Gold prices successfully surpassed the previous high of the 1,703 strong barrier, confirming the upside tendency in the short- and medium-term timeframes. The yellow metal challenged a new fresh seven-and-a-half-year high of 1,746.95 on April 14 and is currently hovering slightly below this level.
The momentum indicators are failing to improve the positive picture on price action. The MACD oscillator slipped beneath the trigger line and is losing some ground, while the RSI is pointing marginally to the downside in the positive area.

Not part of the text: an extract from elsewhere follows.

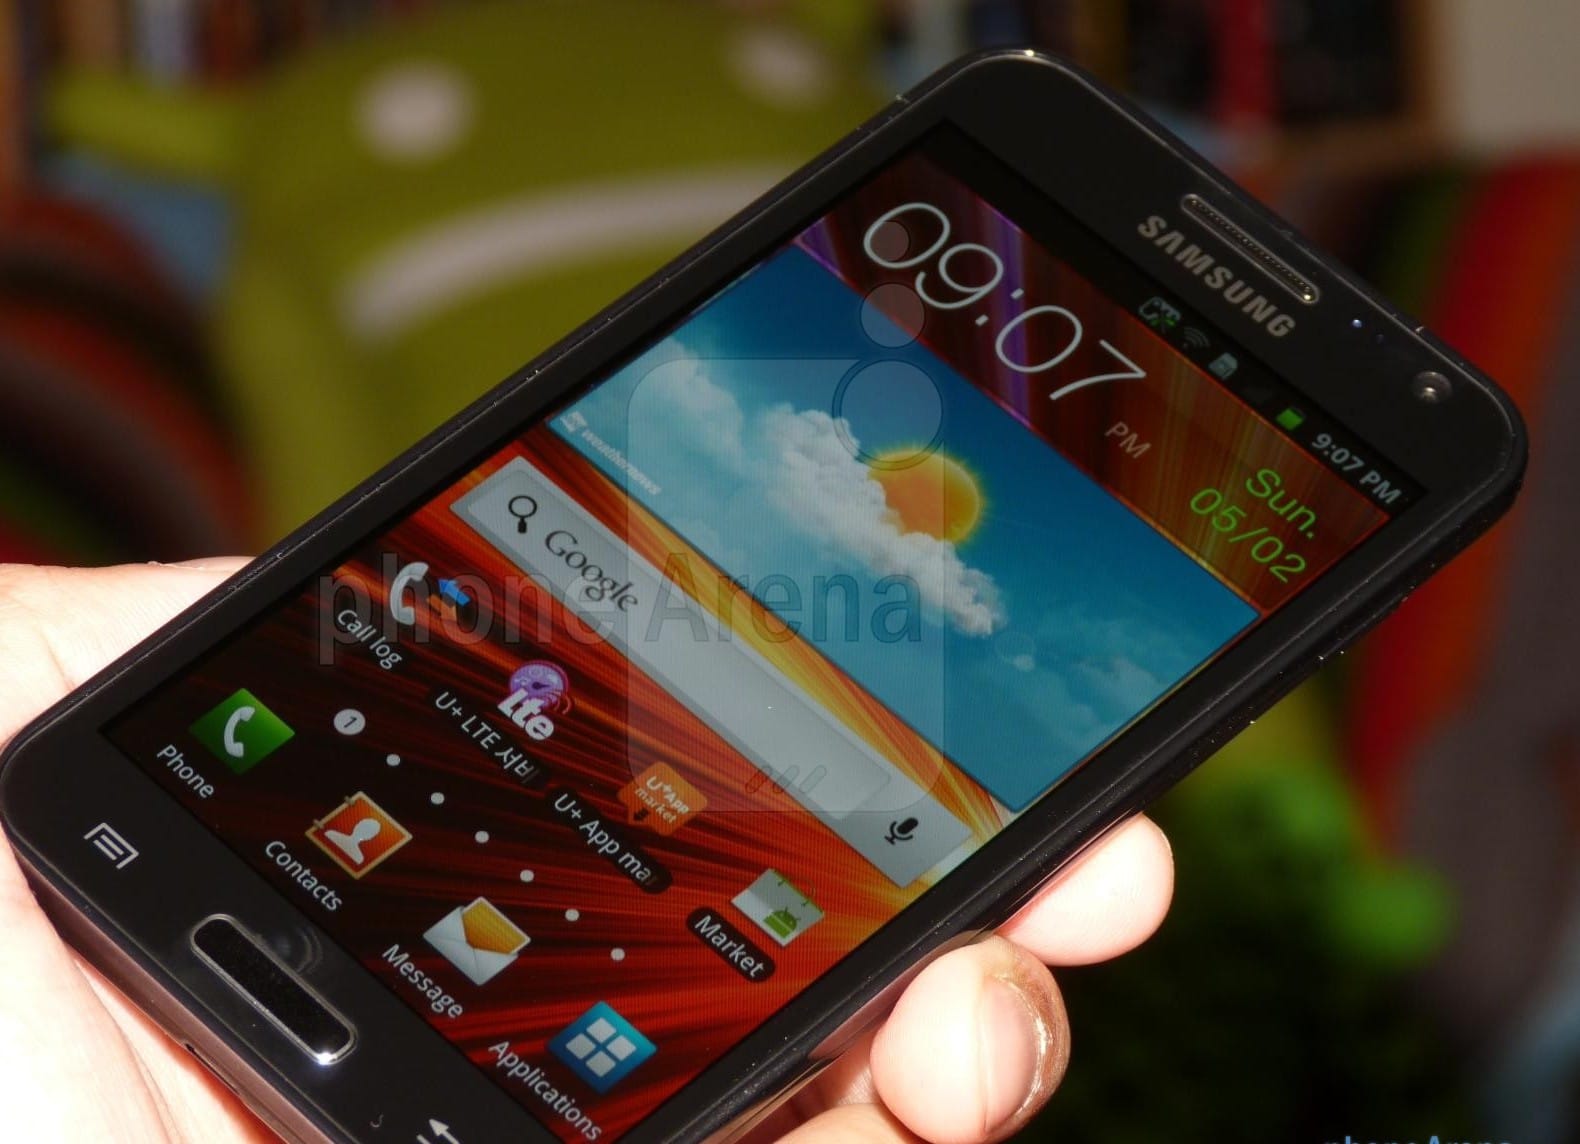 Samsung Galaxy S II LTE HD

However, the 20- and 40-day simple moving averages (SMAs) posted a bullish crossover suggesting more gains in the short-term.
To the upside, immediate resistance is coming from the multi-year peak of 1,746.95 ahead of the crucial level of 1,795, taken from the highs on October 2012. An extension above the latter level prices could be sent towards the 161.8% Fibonacci extension level of the downward wave from 1,703 to 1,454 at 1,857.
On the flip side, if the prices lead lower, they could find support at the 1,660 mark, identified by the latest lows, but first it needs to battle with the 20-day SMA at 1,673. More losses could drive the market towards the 40-day SMA at 1,632 before touching the lower surface of the Ichimoku cloud at 1,565. Below that, the 200-day SMA at 1,534 is coming next.
Overall, gold prices are holding in positive territory – above 1,660 – despite the falling mode on technical indicators in the short-term.